Exercise prompt: The full listing is to be transcribed exactly, with each picture left out.

─── Source material

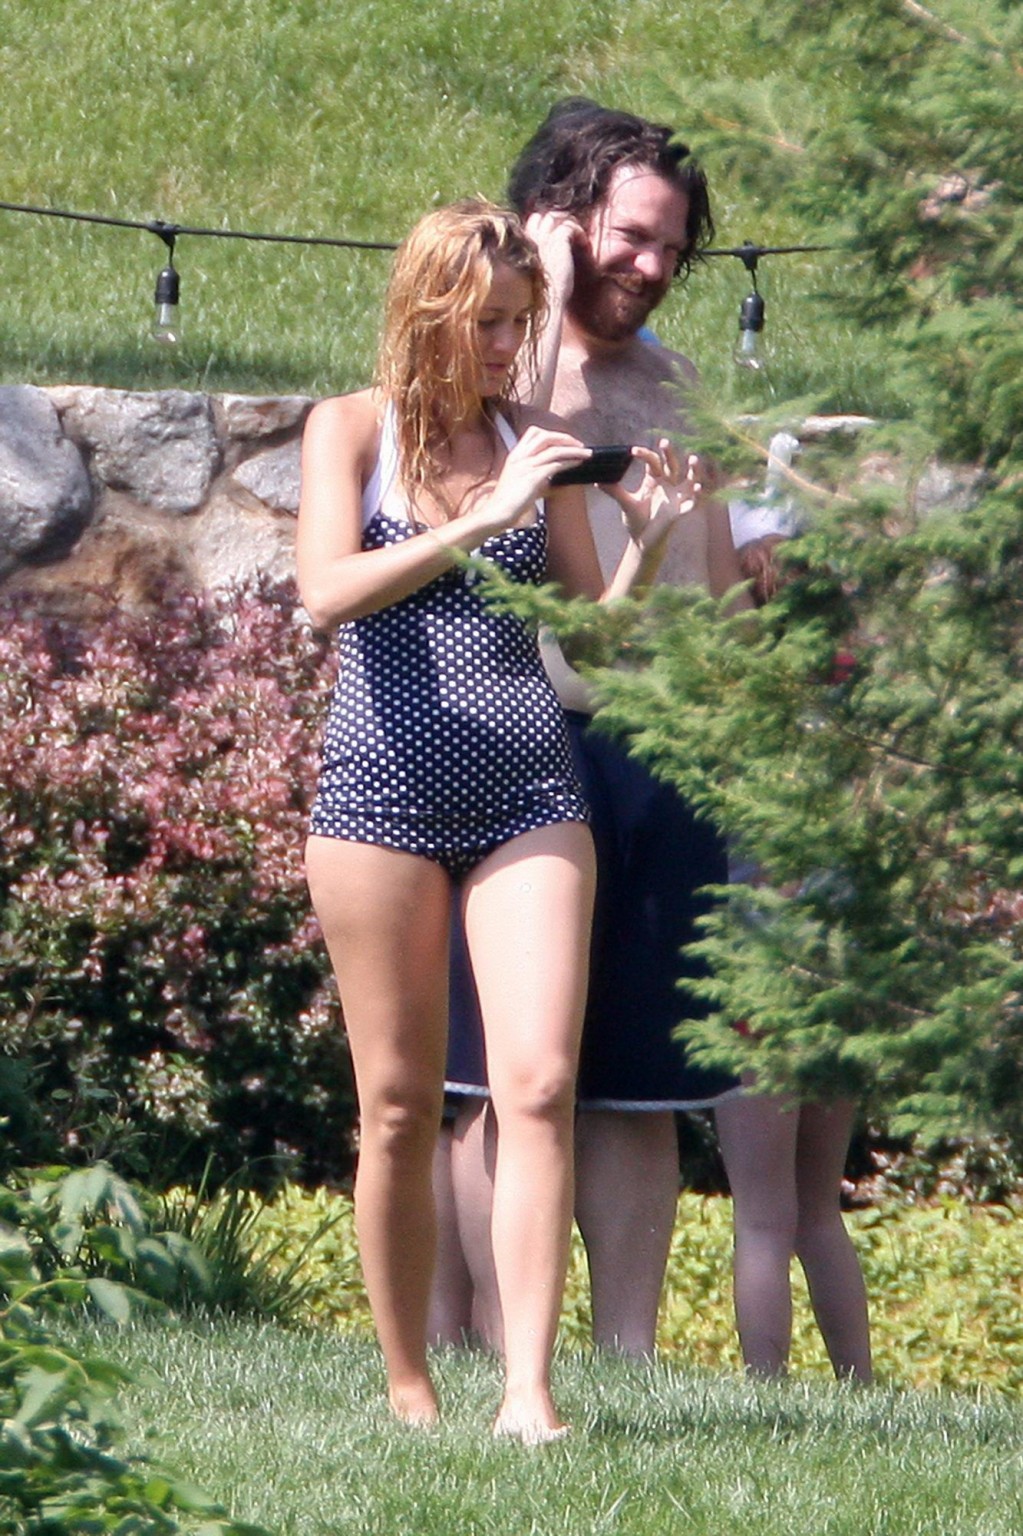 Blake Lively showing her ass in polka dot monokini at the pool party in NYC #75257936
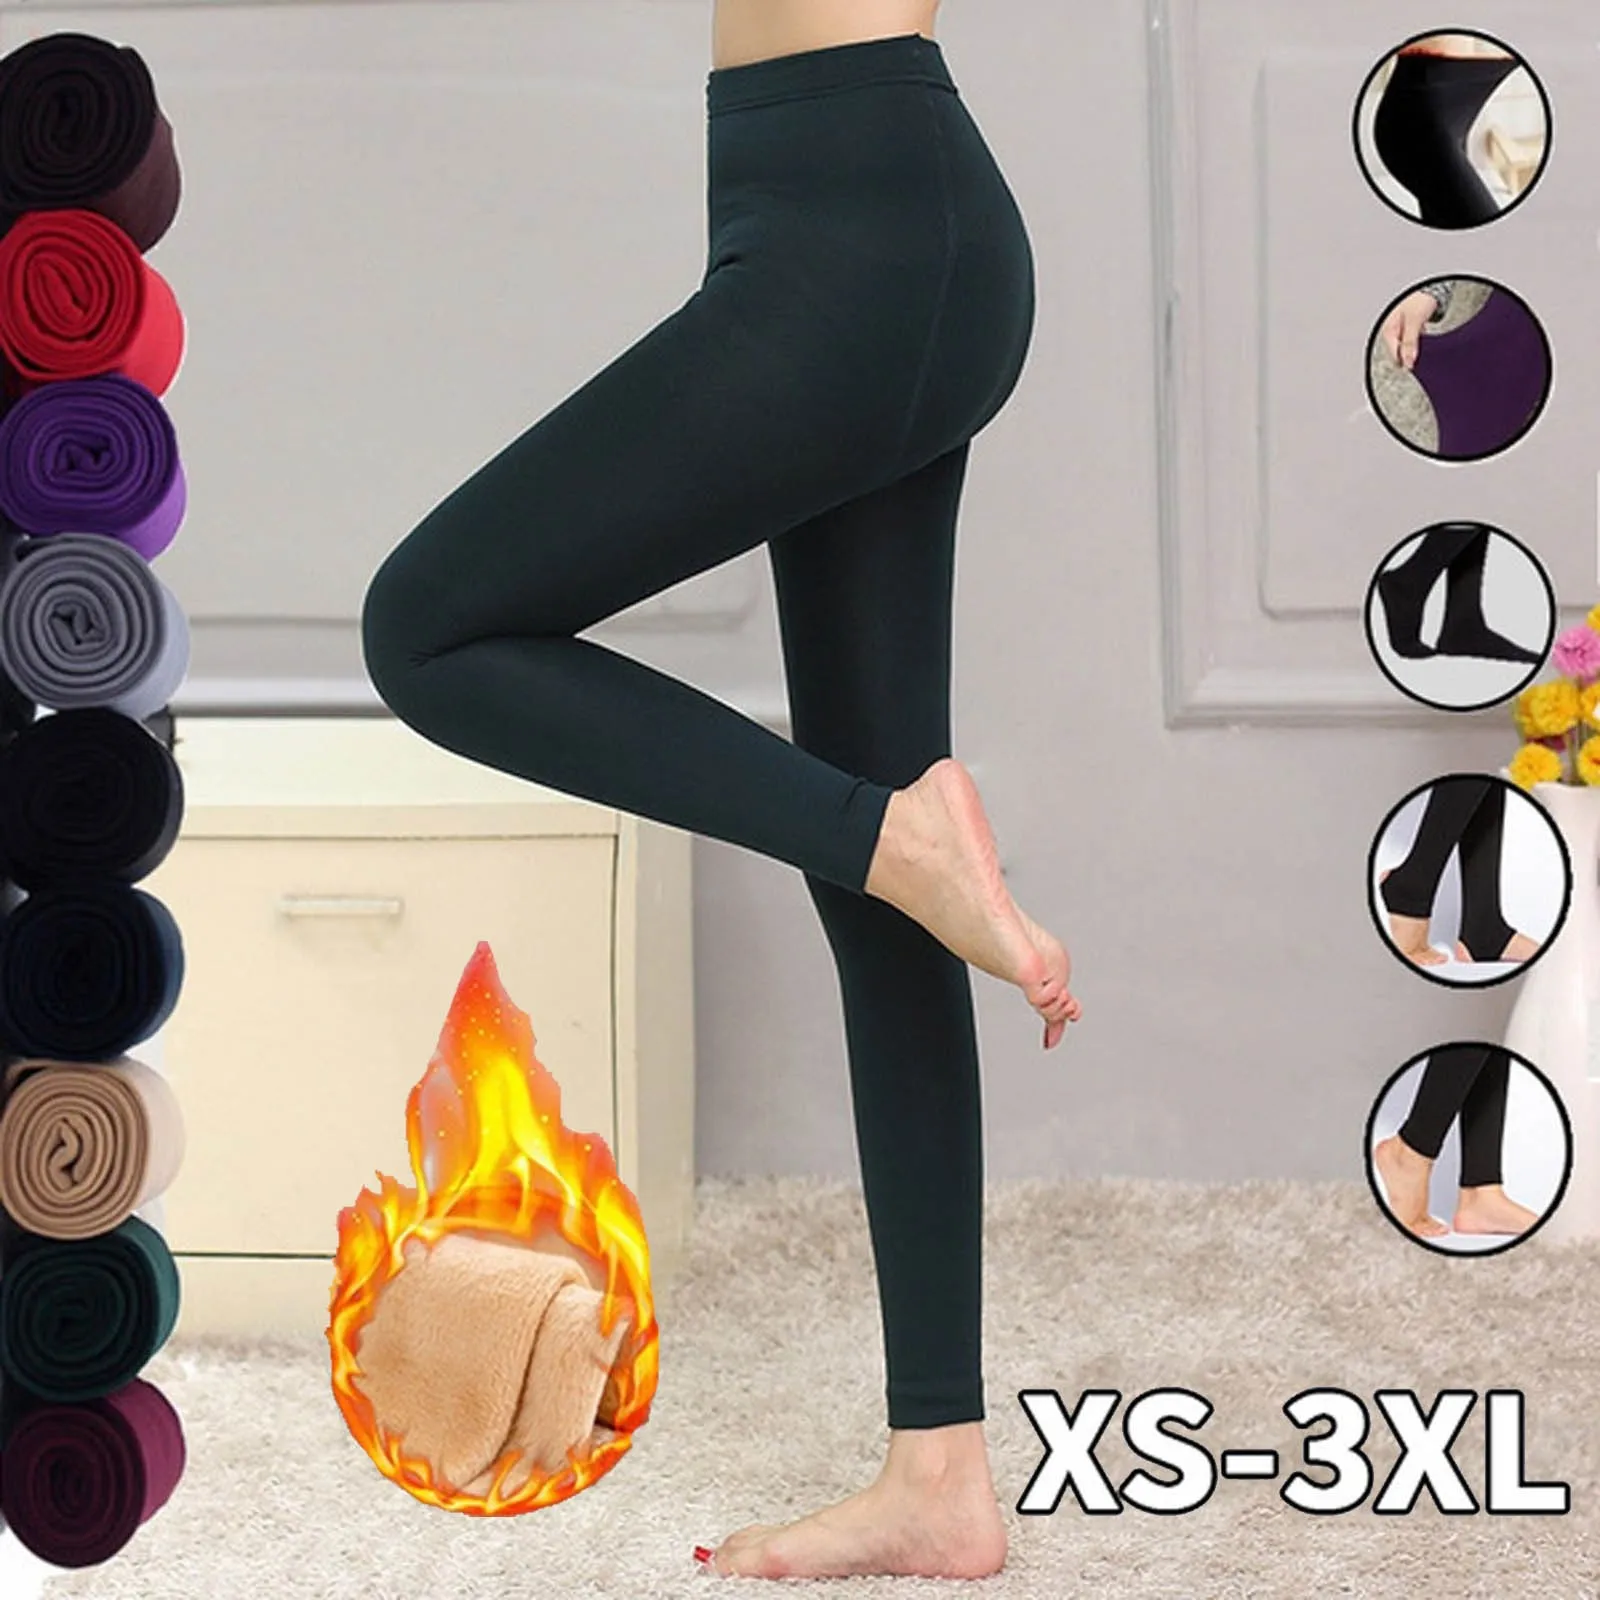 WOMENS LADIES WINTER FLEECE THERMAL WARM THICK FULL LENGTH LEGGINGS ALL COLOURS 
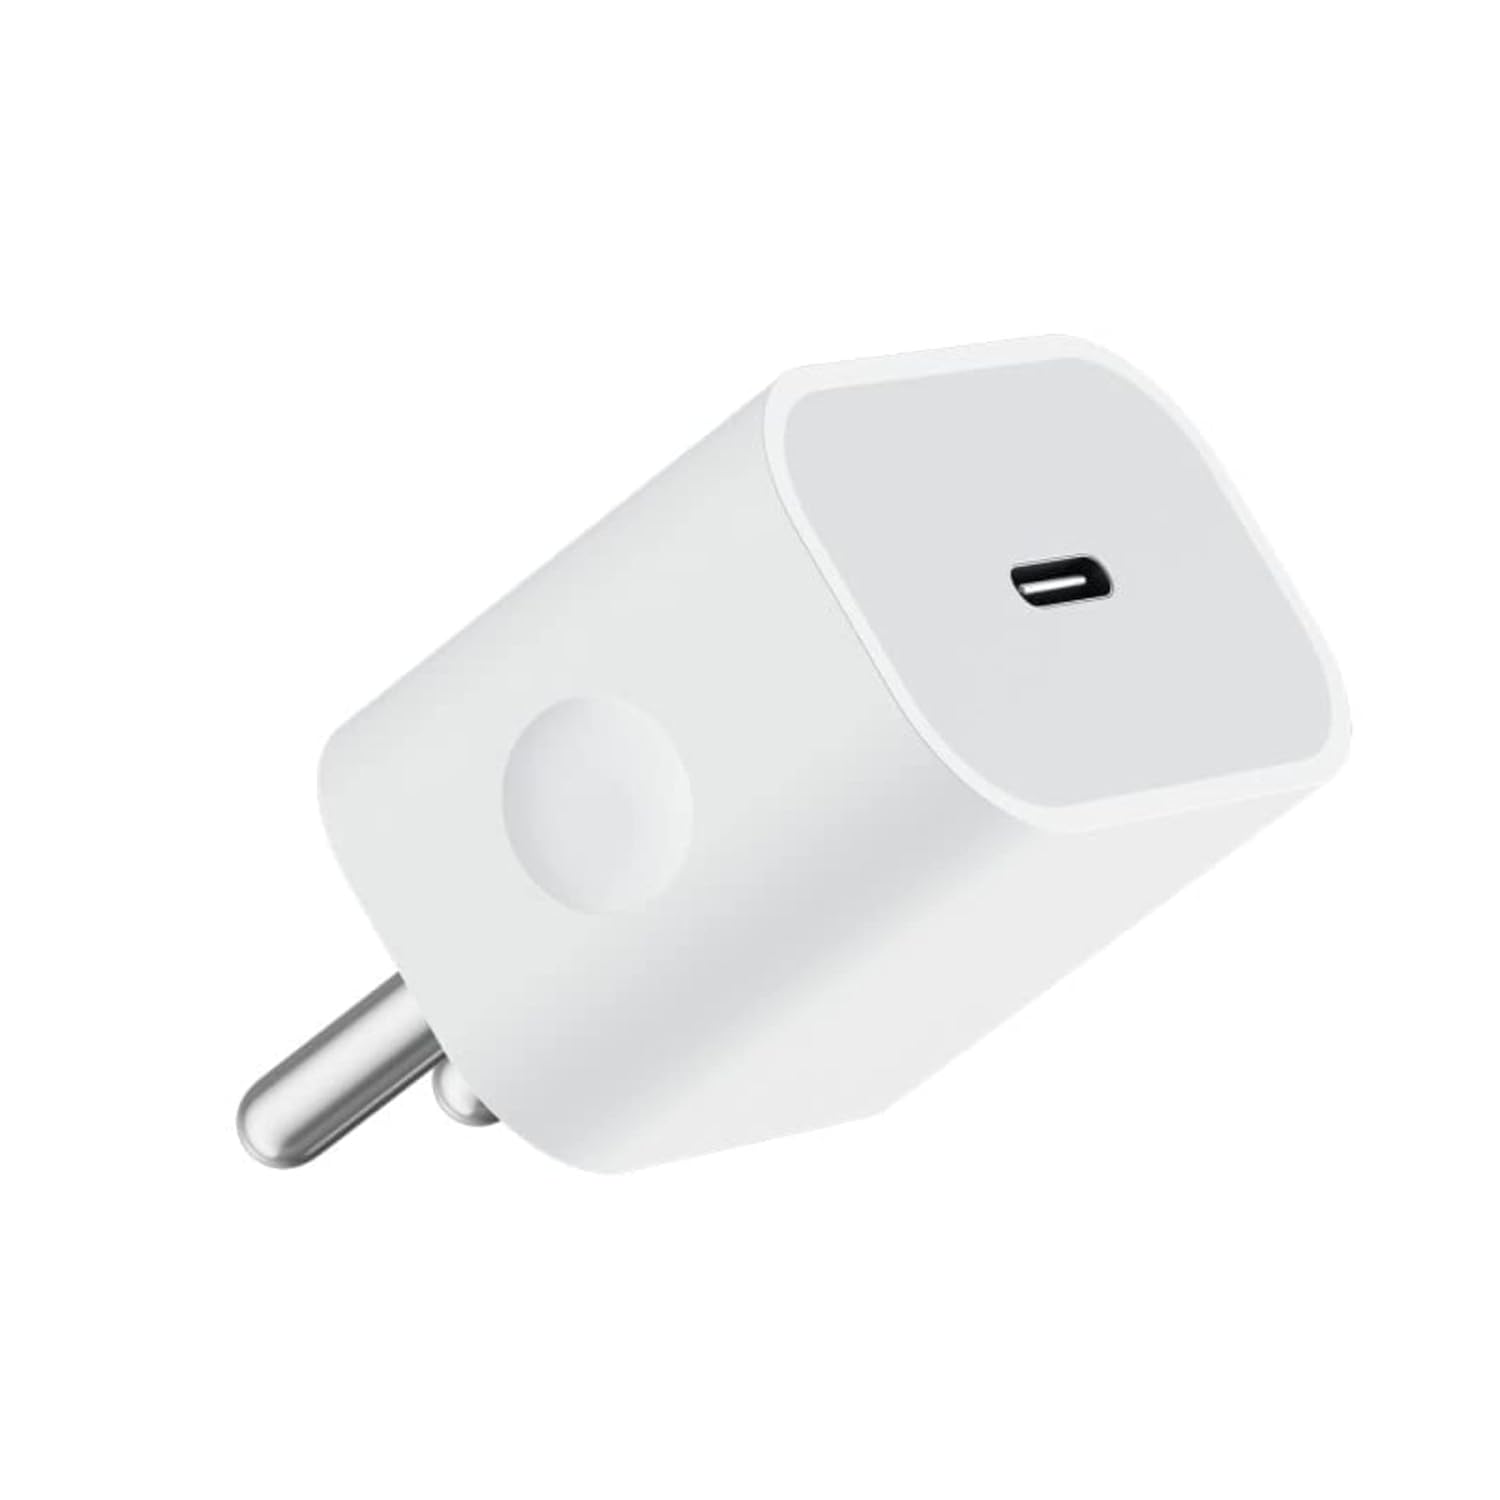 Mcare MXC-20 Type C Output Smart C Type Charging Adapter, Multi-Layer Protection, BIS Certified, Fast Charging Power Adaptor Without Cable for All iOS & Android Devices (White)

──────

Output for this exercise:
 Blake Lively showing her ass in polka dot monokini at the pool party in NYC #75257936
 WOMENS LADIES WINTER FLEECE THERMAL WARM THICK FULL LENGTH LEGGINGS ALL COLOURS 
 Mcare MXC-20 Type C Output Smart C Type Charging Adapter, Multi-Layer Protection, BIS Certified, Fast Charging Power Adaptor Without Cable for All iOS & Android Devices (White)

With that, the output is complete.